Kedua, setelah mendapatkan informasi tentang perempuan yang dicintainya, laki-laki itu harus membangun komunikasi dengan perempuan itu. Tentu, tidak semua informasi yang didapatkan dijadikan bahan komunikasi. Mengapa? Karena, perempuan itu bisa menjadi tidak nyawan. Atau, bisa jadi, bahan informasi yang digunakan itu tidak tepat untuk situasi perempuan yang dicintainya saat itu. Misalnya, ada informasi kalau perempuan yang dicintainya itu senang makan es krim, tapi saat ini ia tidak makan es krim karena lagi ikut program diet. Bisa dibayangkan apa yang terjadi kalau laki-laki itu cerita tentang es krim pada perempuan yang dicintainya yang tengah menjalani program diet? Perempuan yang dicintainya itu tentu akan menjadi sangat tidak suka.

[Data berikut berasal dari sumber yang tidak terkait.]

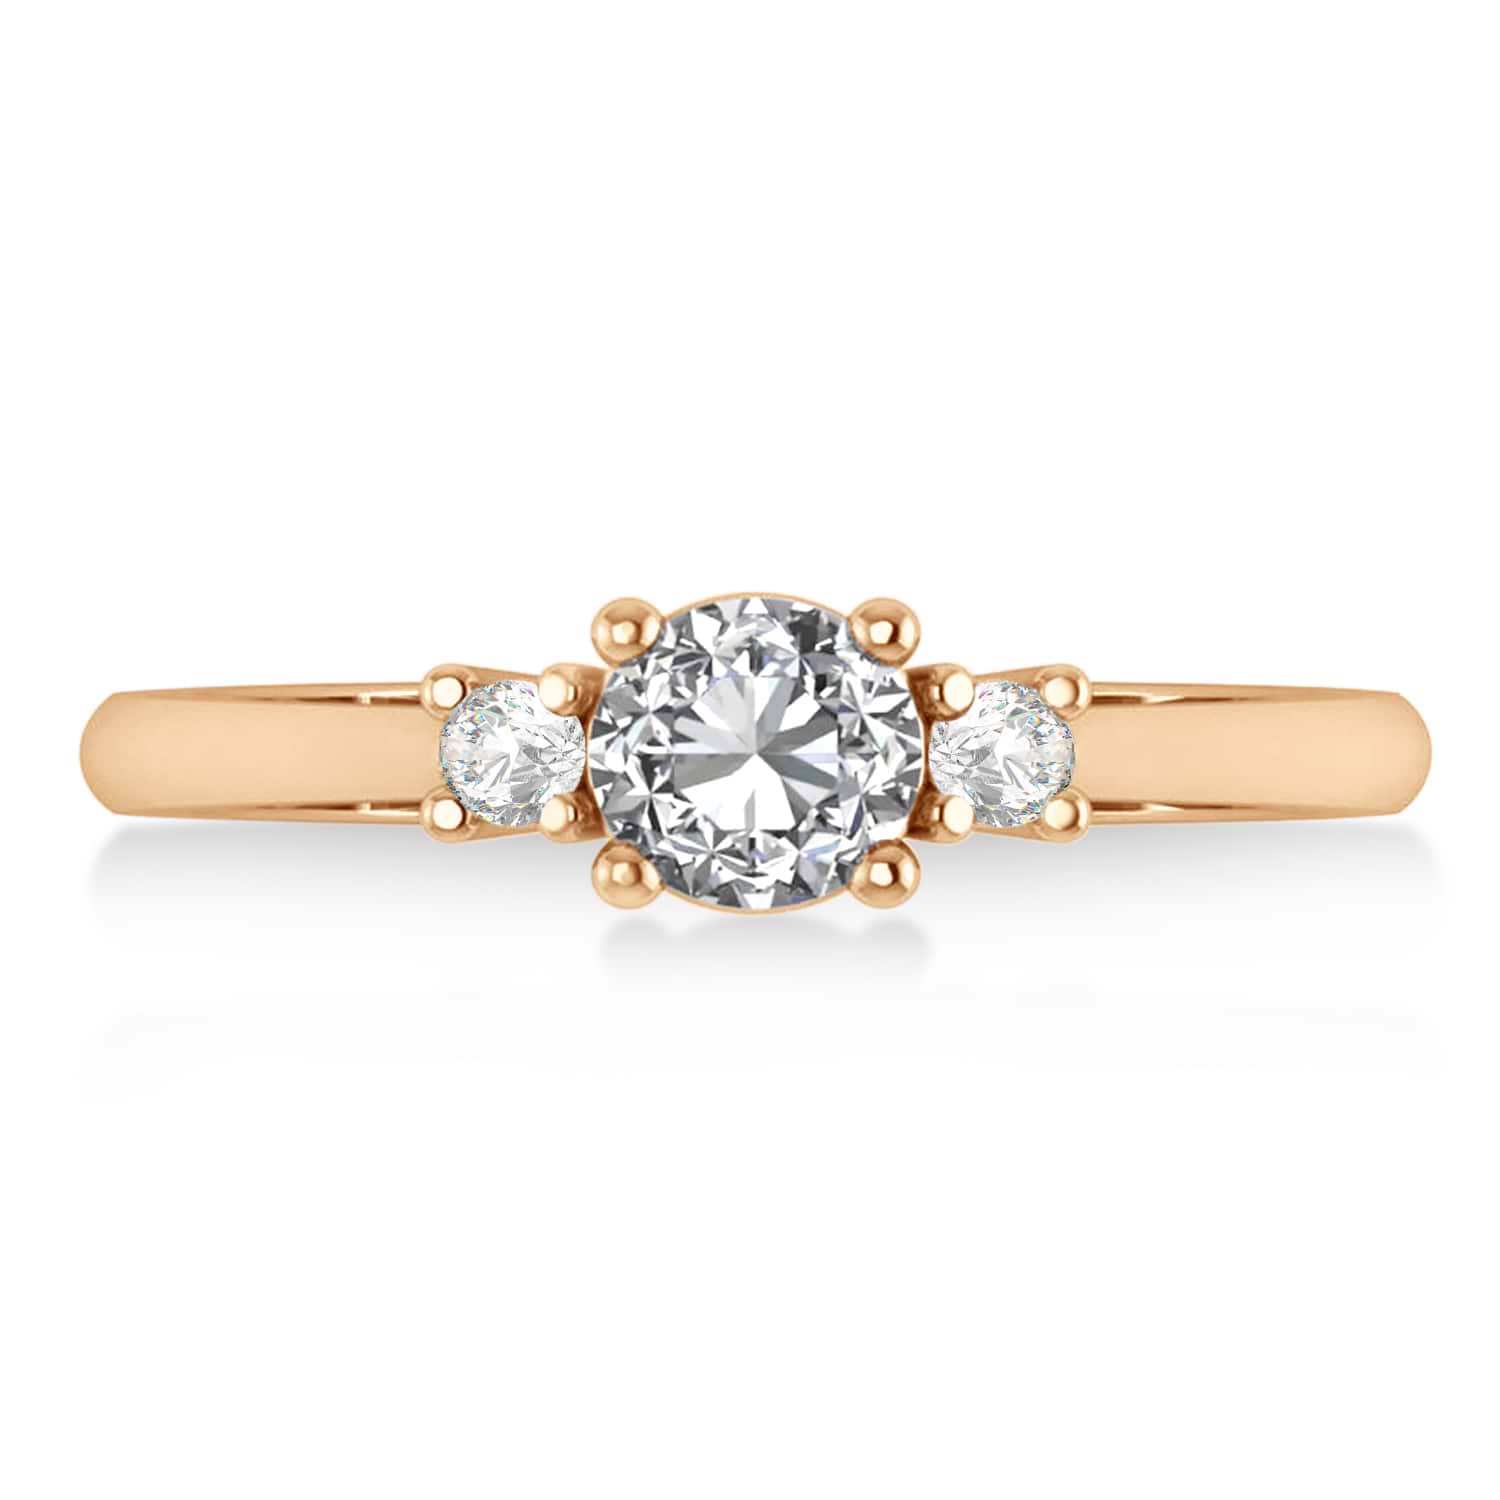 Round Diamond Three-Stone Engagement Ring 14k Rose Gold (0.60ct)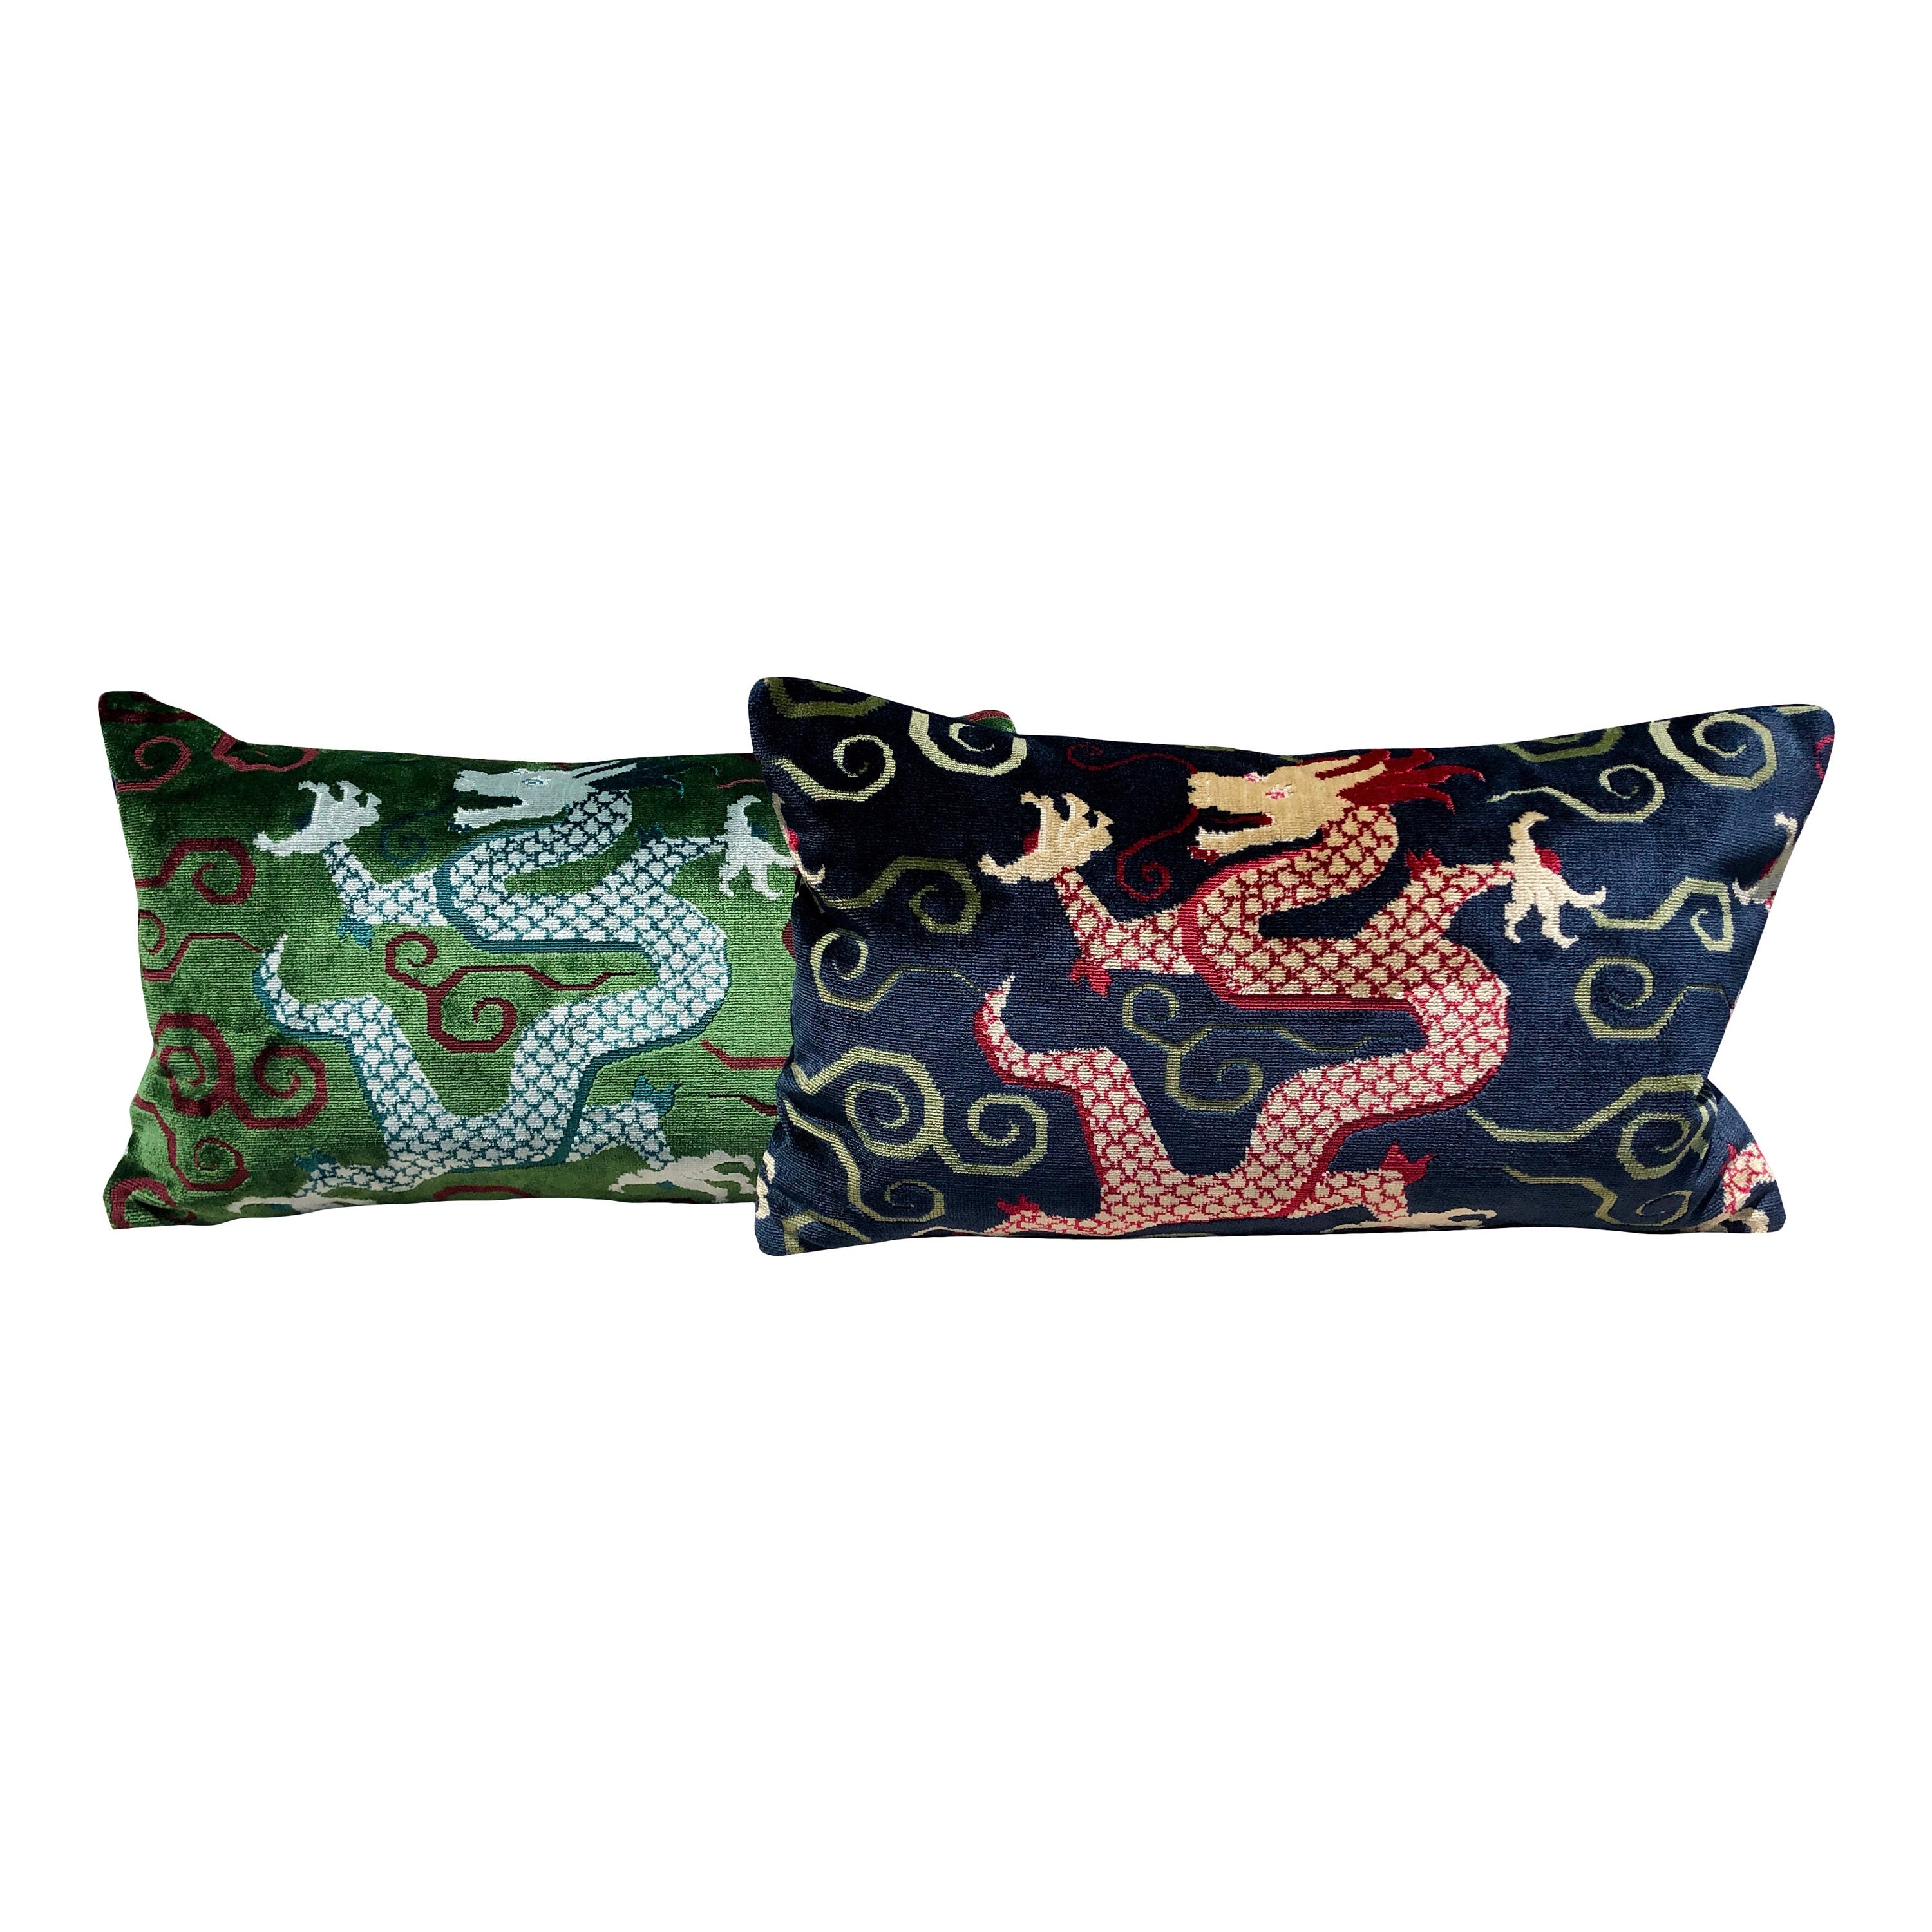 Schumacher Bixi Velvet Lumbar Pillow in Emerald Green. Dragon Velvet Pillow designer pillow cover high end cushion cover chinoiserie pillow

Dengan demikian, hal yang harus diperhatikan kemudian baik dalam mendekati seorang perempuan dan berkhotbah/mengajar adalah pemilihan materi apa yang sebaiknya disampaikan. Mengapa? Karena, selain penguasaan materi berdasarkan bahan yang dapat dipertanggungjawabkan, kita sebagai pengajar/pengkhotbah juga harus memerhatikan saksama situasi dari pendengar khotbah/pengajaran kita. Kondisi sosial apa yang tengah berkembang di tengah pendengar? Sebagai lanjutan pertanyaan bagaimana latar belakang sosial, antropologis, psikologis dari pendengar khotbah/pengajaran? Pemilihan materi pembicaraan yang tepat akan menarik perhatian orang yang sedang kepadanya kita bercerita. Mereka tidak akan pernah bosan mendengar cerita saat itu.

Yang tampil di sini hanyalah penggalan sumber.